Copie revêtue de la formule Exécutoire
délivrée le :
à :
Copies délivrées le :
à :
RAPPEL DES FAITS
Par acte sous seing privé en date du 27 août 2010 -prenant effet le 30 août 2010- l’Office Public de l’Habitat LOGEMLOIRET a donné en location à Madame [C] [M] un bien à usage d’habitation de type 4 situé [Adresse 3] moyennant un loyer mensuel de 471,89 euros hors charges, payable d’avance le 1er de chaque mois.
Des loyers et charges étant demeurés impayés par Madame [C] [M], la société LOGEMLOIRET a fait signifier le 13 novembre 2023 à cette dernière un commandement de payer visant la clause résolutoire pour un montant en principal de 1.437,37 euros et de justifier de l’assurance « risques locatifs ».
A défaut de règlement des causes dudit commandement par la locataire en place, la société LOGEMLOIRET a, par acte d’huissier du 15 février 2024, fait assigner -avec dénonciation par voie électronique à la Préfecture du Loiret le 19 février 2024- Madame [C] [M] devant le juge des contentieux de la protection du tribunal judiciaire d’Orléans aux fins suivantes :
Tenter de concilier les parties si faire se peut, et à défaut,
constater la résiliation de plein droit du bail consenti le 27 août 2010 à Madame [C] [M] par l’acquisition de la clause résolutoire en vertu des articles 24 et 7g de la loi du 6 juillet 1989 et ordonner son expulsion et de tous occupants de son chef, avec au besoin le concours de la [Localité 4] Publique et d’un serrurier aux termes de l’article L411-1 du code des procédures civiles d’exécution ;condamner Madame [C] [M] à payer la somme de 1.779,26 euros en principal au titre des loyers et charges en application de l’article 1728 du code civil avec intérêts au taux légal à compter de l’assignation en vertu des articles 1153-1 et 1155 du code civil ; condamner Madame [C] [M] à produire l’attestation d’assurance sous 8 jours à compter de la signification de la décision à intervenir ;condamner Madame [C] [M] au paiement d’une indemnité d’occupation mensuelle égale au montant des loyers et des charges à compter de la résiliation du bail par acquisition de la clause résolutoire et ce, jusqu’à effective libération des locaux, en vertu de l’obligation de réparer le préjudice subi du fait d’une occupation sans droit ni titre conformément à l’article 1760 du code civil ; condamner Madame [C] [M] au paiement d’une somme de 400,00 euros en vertu de l’article 700 du Code de procédure civile pour participation aux frais exposés par le demandeur et que l’équité impose de ne pas laisser supporter ;condamner Madame [C] [M] aux entiers dépens de l’instance comprenant le coût du commandement de payer et de l’assignation en vertu de l’article 696 du code de procédure civile.

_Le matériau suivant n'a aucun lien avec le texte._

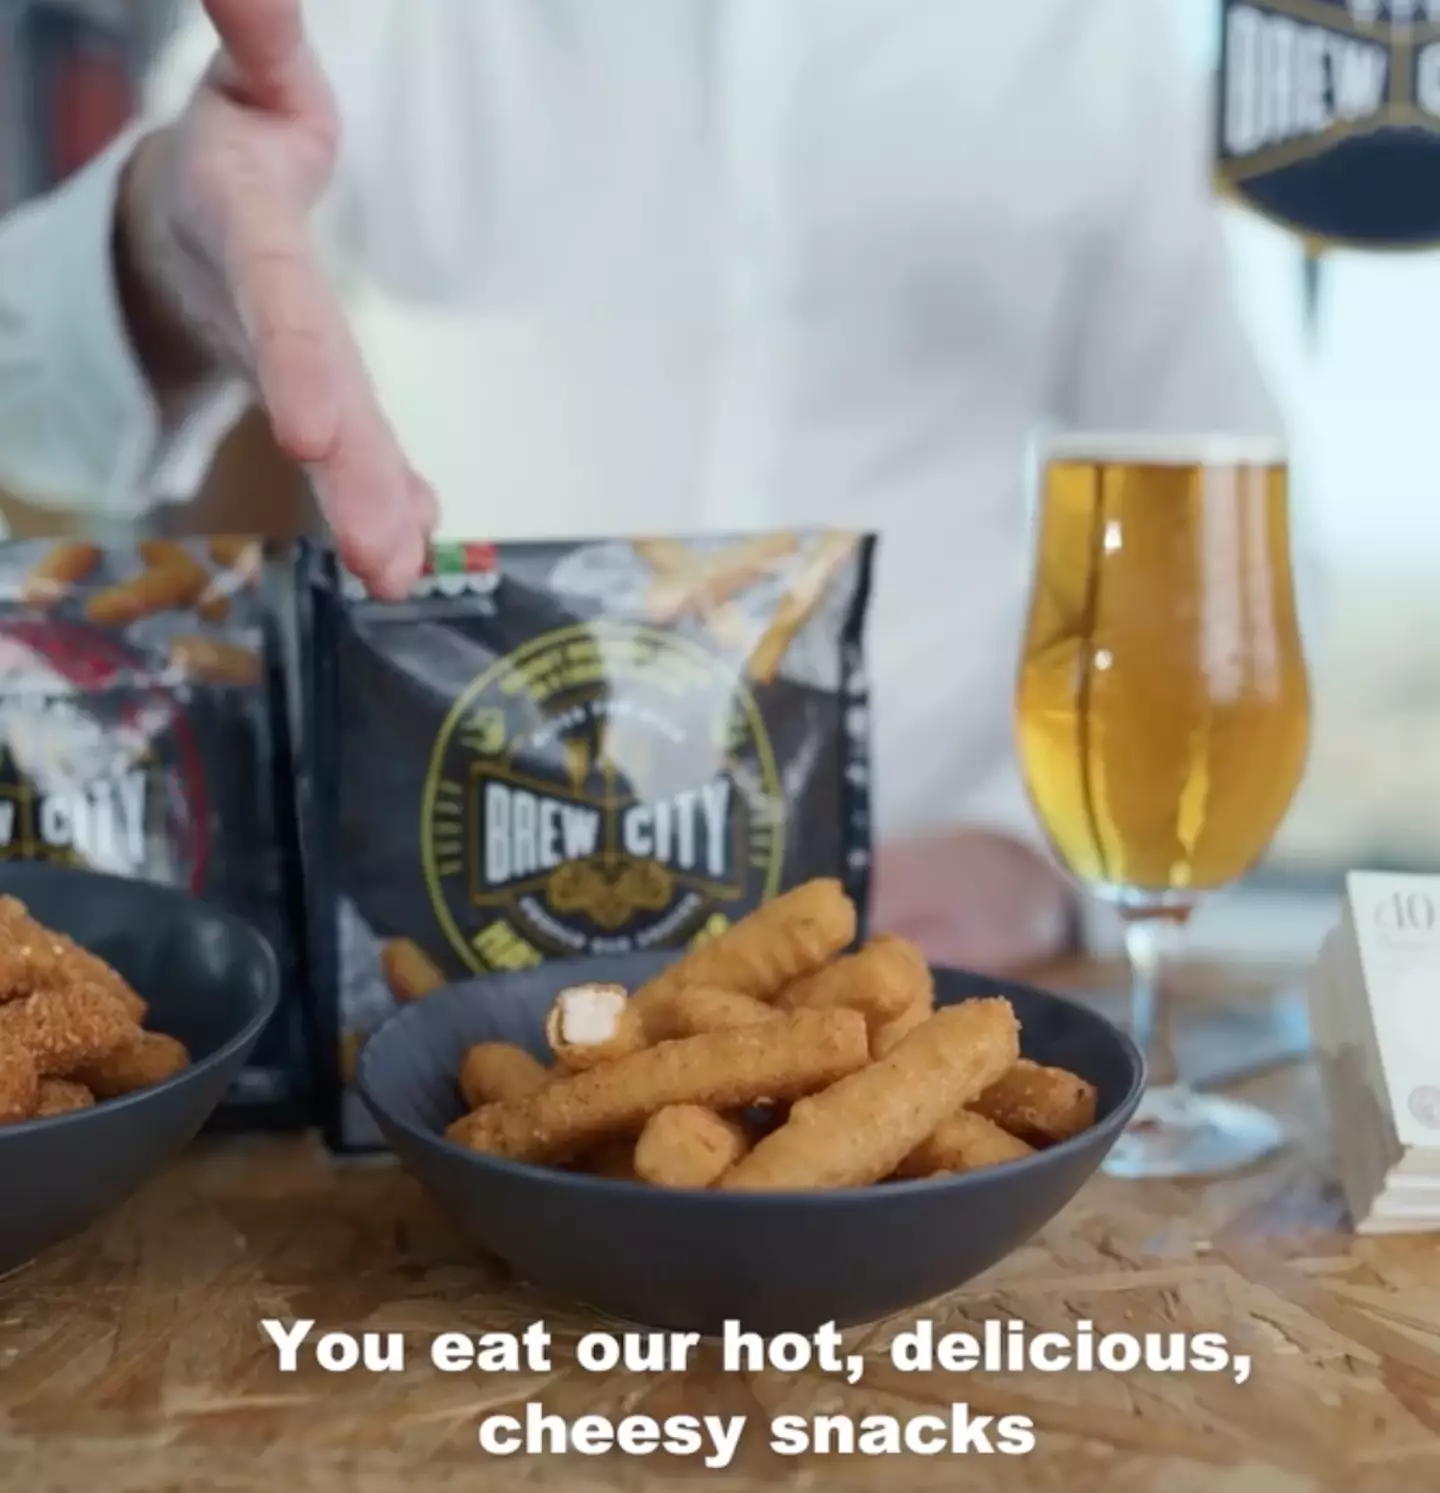 Who wouldn't want to get paid to eat a never-ending supply of cheesy snacks?

A l’audience du 10 septembre 2024, l’affaire a été renvoyée au 12 novembre 2024 pour constitution et transmission contradictoire des pièces à l’avocat de Madame [C] [M], puis a fait l’objet d’un nouveau renvoi à l’audience du 10 décembre 2024 du fait d’un dossier de surendettement en cours auprès de la BDF.
A l’audience de jugement qui s’est tenue le 10 décembre 2024, la société LOGEMLOIRET, représentée par Madame [L] dûment mandatée avec pouvoir, a maintenu ses demandes relatives à l’acquisition de la clause résolutoire et aux impayés de loyers, tout en actualisant le montant en augmentation constante de la dette locative à la somme de 7.644,08 euros. Le bailleur a indiqué en outre que la locataire n’avait repris aucun paiement, ni des loyers courants, ni de l’arriéré, et qu’il s’opposait par conséquent à l’octroi de tout délai de paiement de la dette locative.

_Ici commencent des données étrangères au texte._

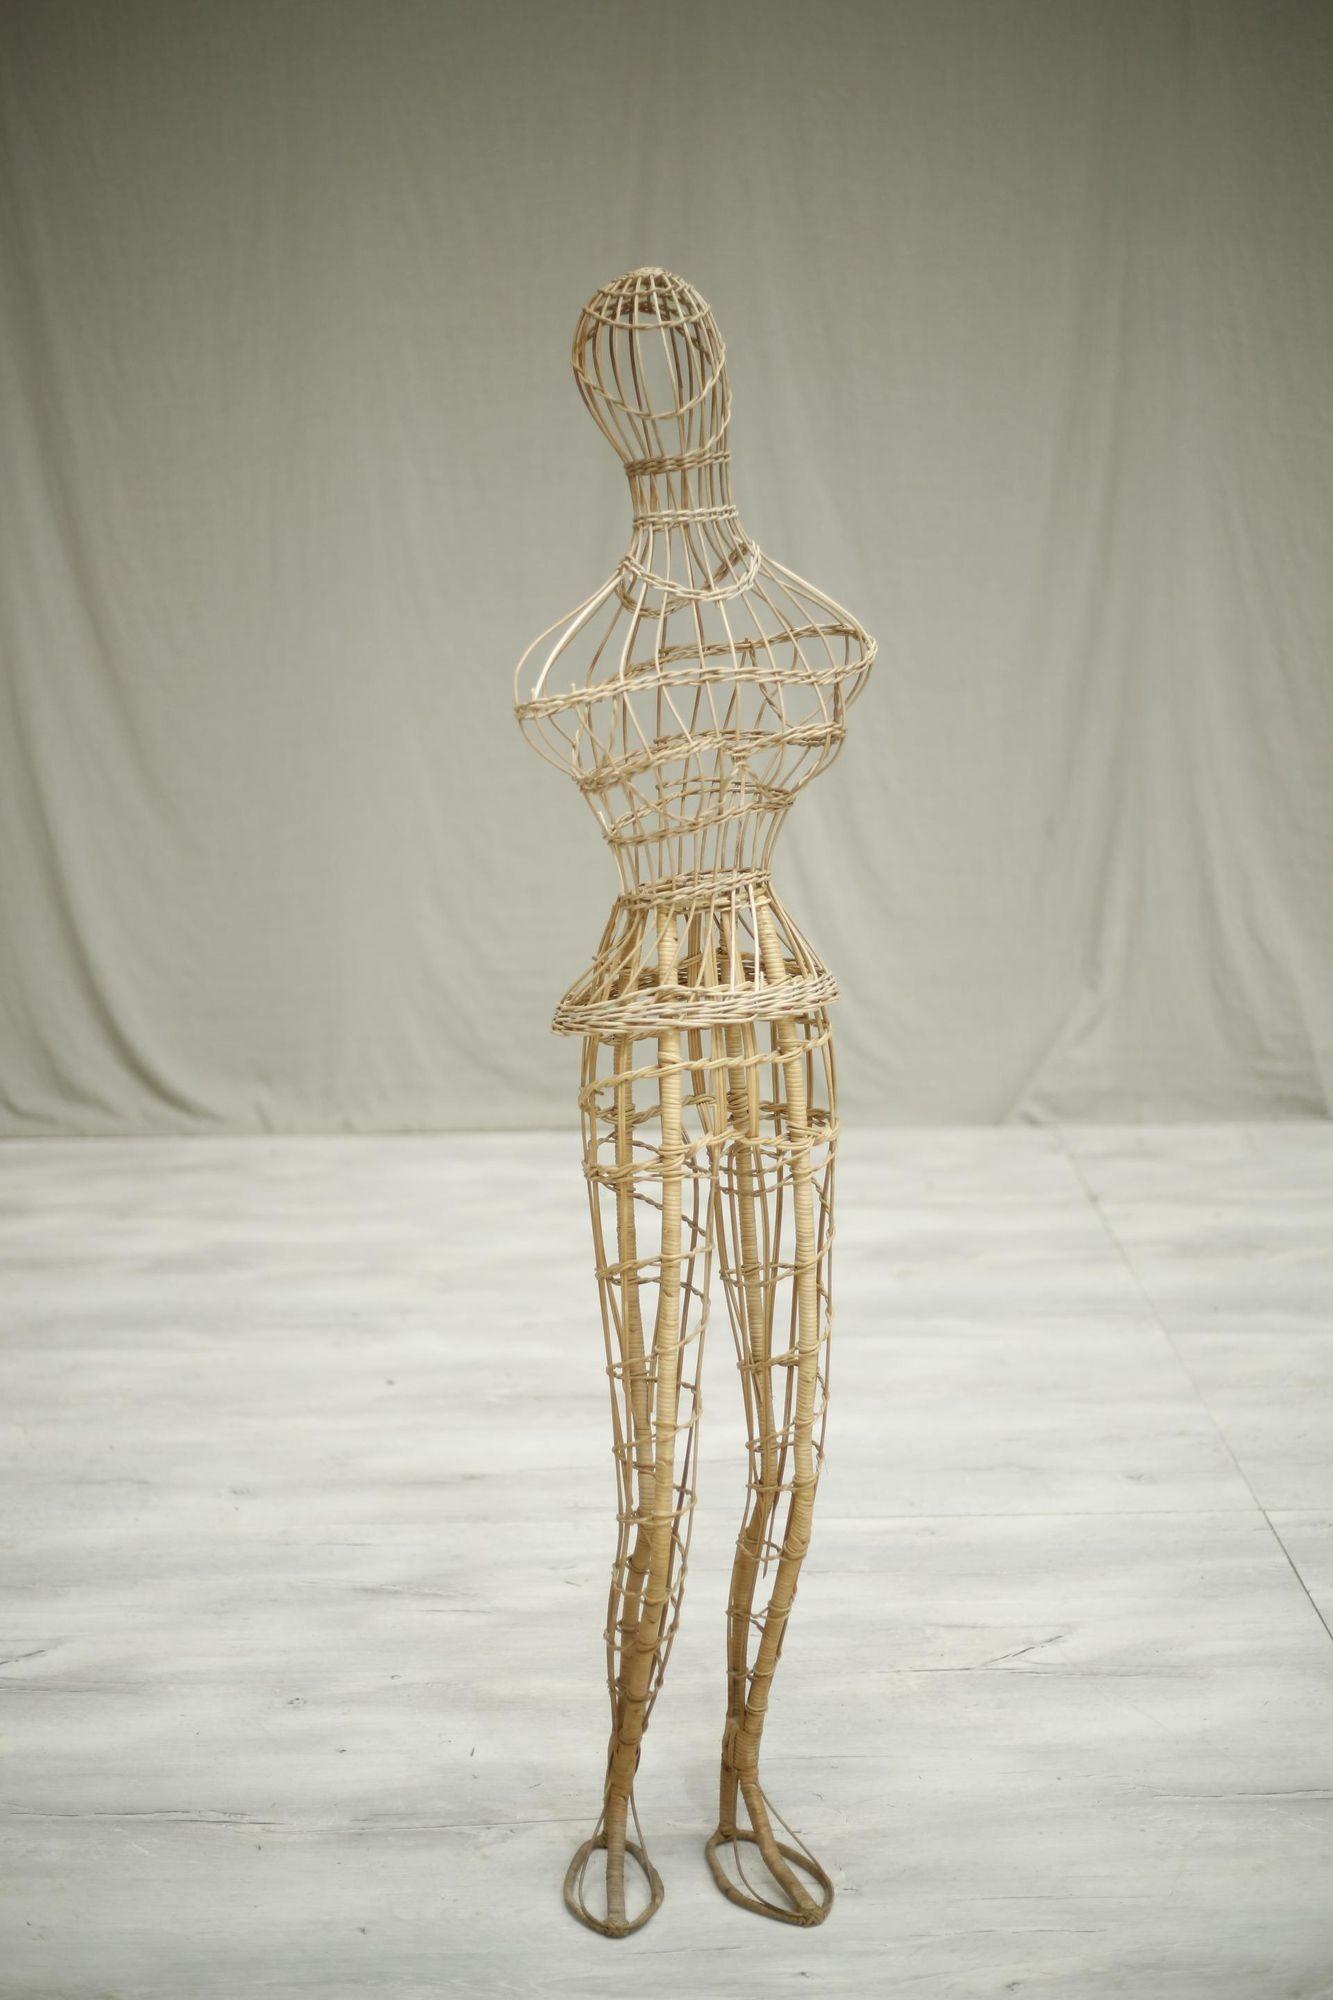 This is a very quirky piece from a Dress makers shop in France. A 1950's mannequin of a female that makes a great curio piece for any interiors. Quirky but beautifully sculptural. The wicker frame is in overall very good condition for its age with

L’avocat de Madame [C] [M], a précisé à l’appui de ses conclusions en défense que l’attestation d’assurance avait été transmise au bailleur, tandis que le loyer courant du mois de décembre avait bien été réglé et proposait d’en justifier dans une note en délibéré sous 10 jours auprès du tribunal, qui l’a accepté.
L’avocat a ensuite ajouté, à l’appui de ses conclusions écrites, que Madame [M] s’était retrouvée dans une situation de précarité financière suite à la perte de son emploi, avec des soucis de santé (pathologie neurologique) et qu’elle avait fini par déposer un dossier auprès de la commission de surendettement des particuliers du Loiret à la BDF, laquelle a déclaré recevable sa demande et décidé le 14 novembre 2024 d’orienter son dossier vers une mesure de rétablissement personnel sans liquidation judiciaire.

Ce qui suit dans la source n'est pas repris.